136 Ariz. 360 (1983)
666 P.2d 460
STATE of Arizona, Appellee,
Jerome Mason GESCHWIND, Appellant.

No. 5760-PR.
Supreme Court of Arizona, En Banc.

June 14, 1983.
Robert K. Corbin, Atty. Gen. by William J. Schafer, III and Diane M. Ramsey, Asst. Attys. Gen., Phoenix, for appellee.

Dwight P. Callahan, Casa Grande, for appellant.

HAYS, Justice.

On November 6, 1981 appellant was arrested in Pinal County and charged with driving while under the influence of intoxicating liquor or drugs (DWI). On November 10, 1981 the Pinal County Grand Jury returned an indictment charging Geschwind with felony DWI, having ascertained that the November 6, 1981 incident occurred while appellant was driving on a license that had been issued and later suspended by the state of California. Further investigation revealed that Geschwind previously had been convicted, in Arizona, of DWI and that he had never applied for or obtained an operator’s license. Accordingly, the Pinal County Grand Jury returned a second indictment, on January 20, 1982, charging appellant with felony DWI by having committed DWI after his first Arizona conviction (which occurred on February 7, 1980), but never having applied for or obtained an operator’s license. Both felony charges arose out of the November 6, 1981 arrest, and were consolidated for trial in the Pinal County Superior Court.

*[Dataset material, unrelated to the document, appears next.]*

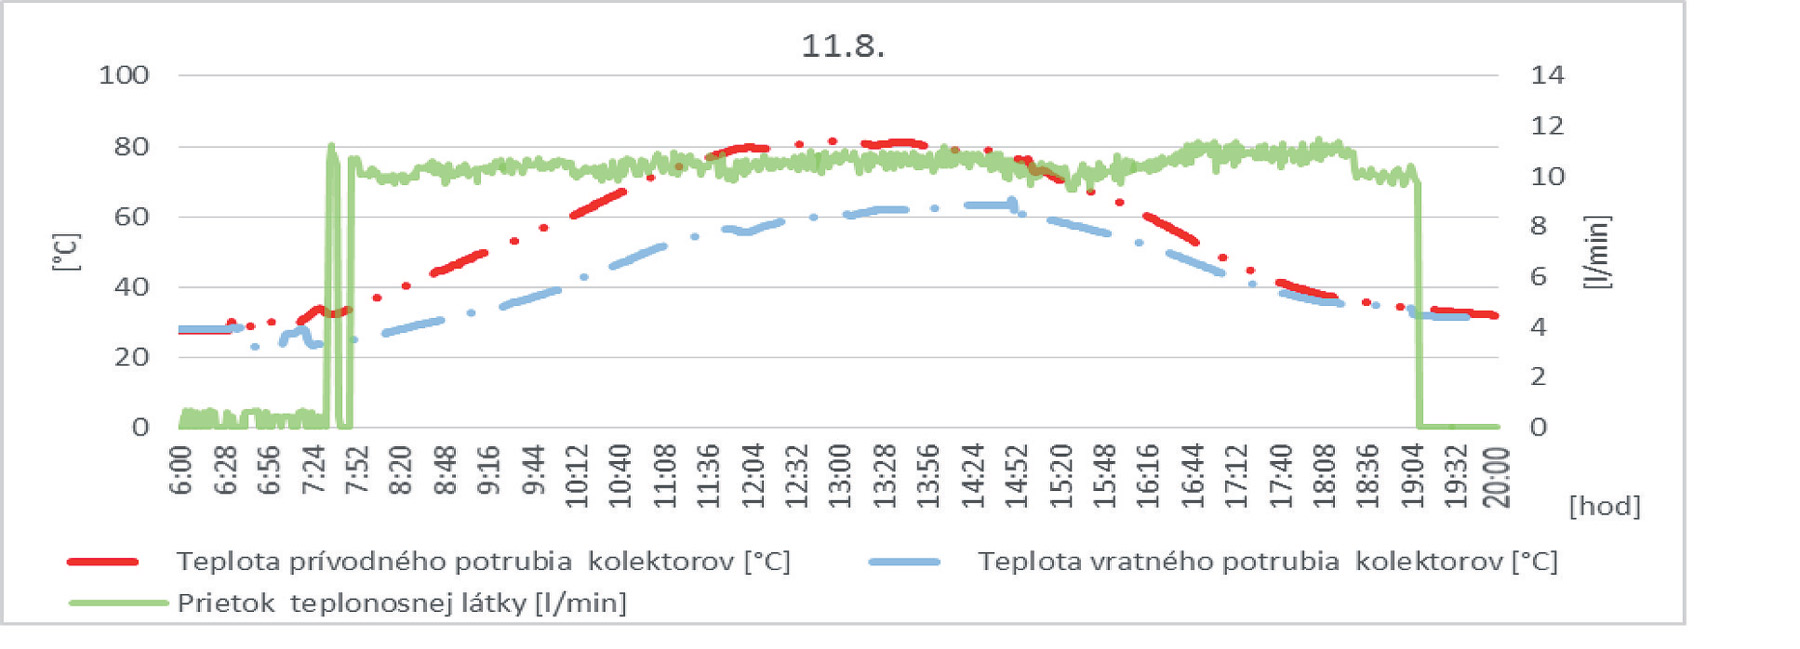 Obr. 2 Vplyv teploty prívodného a vratného potrubia kolektorov na prietok teplonosnej látky v kolektorovom okruhu dňa 11. 8. 2015

The jury returned guilty verdicts as to both charges, as consolidated. A single consolidated judgment, sentence and commitment found appellant guilty of both charges of felony DWI, and committed him to concurrent sentences of 3 years imprisonment for each class 6 felony. The maximum sentences were imposed under A.R.S. § 13-604 because the state proved one prior felony conviction. The Court of Appeals reversed Geschwind’s convictions on both counts, holding that appellant was entitled to a bifurcated trial. State v. Geschwind, 136 Ariz. 380, 666 P.2d 480 (App. 1982). We disagree and, accordingly, vacate the opinion of the Court of Appeals insofar as it is inconsistent with our own. We have jurisdiction of this matter under A.R.S. § 12-120.24 and 17 A.R.S. Rules of Criminal Procedure, rule 31.19.

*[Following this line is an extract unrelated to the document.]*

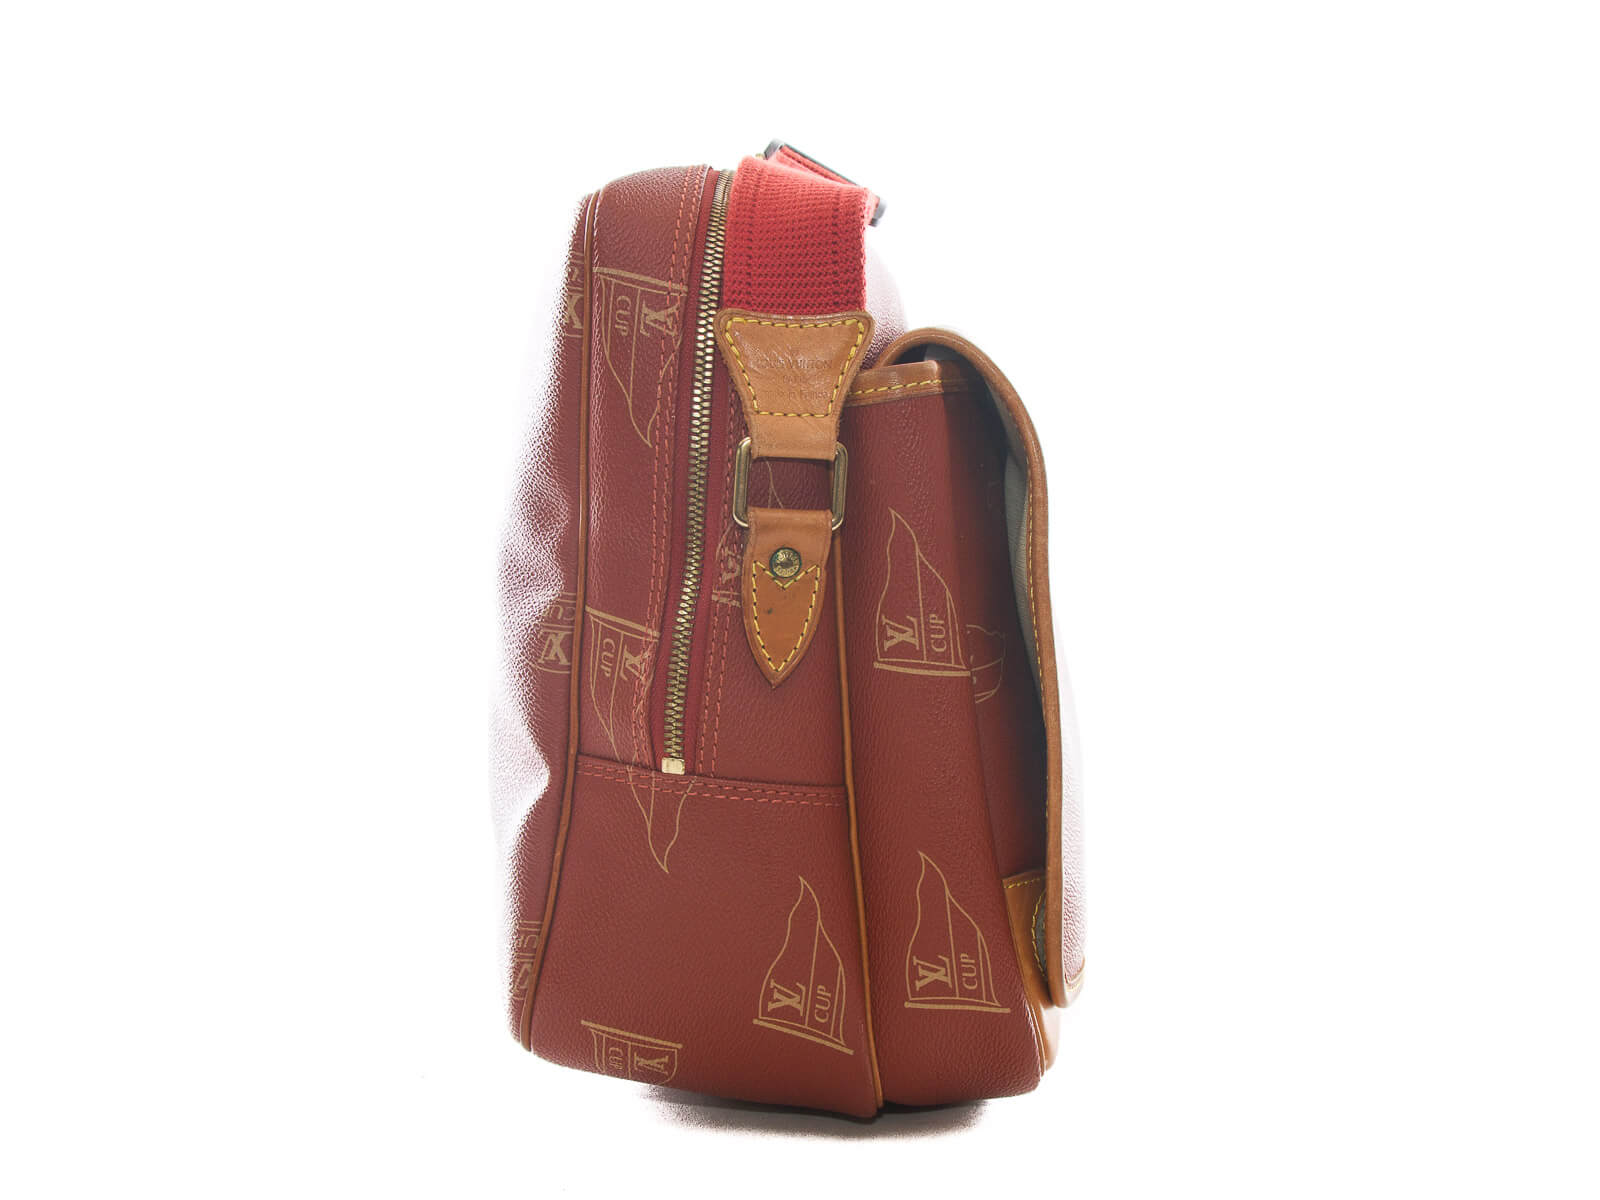 Louis Vuitton Calvi Shoulder Bag

We consider two issues in this appeal:

1. Whether evidence of the accused’s previous conviction of DWI is admissible in the state’s case in chief as an element of a felonious second offense under A.R.S. § 28-692.02.[1]
2. Whether A.R.S. § 28-692.02 applies to persons whose out-of-state licenses have been suspended, revoked or refused by their home state.

Appellant has contended, in the Court of Appeals, that the trial court erred when it refused to bifurcate his trial. He argued that proof of his prior Arizona DWI conviction should have been permitted only if the jury found him guilty of a DWI committed while never having applied for or obtained an operator’s or a chauffeur’s license. He asserted that he was entitled to this procedure under 17 A.R.S. Rules of Criminal Procedure, rule 19.1(b).[2]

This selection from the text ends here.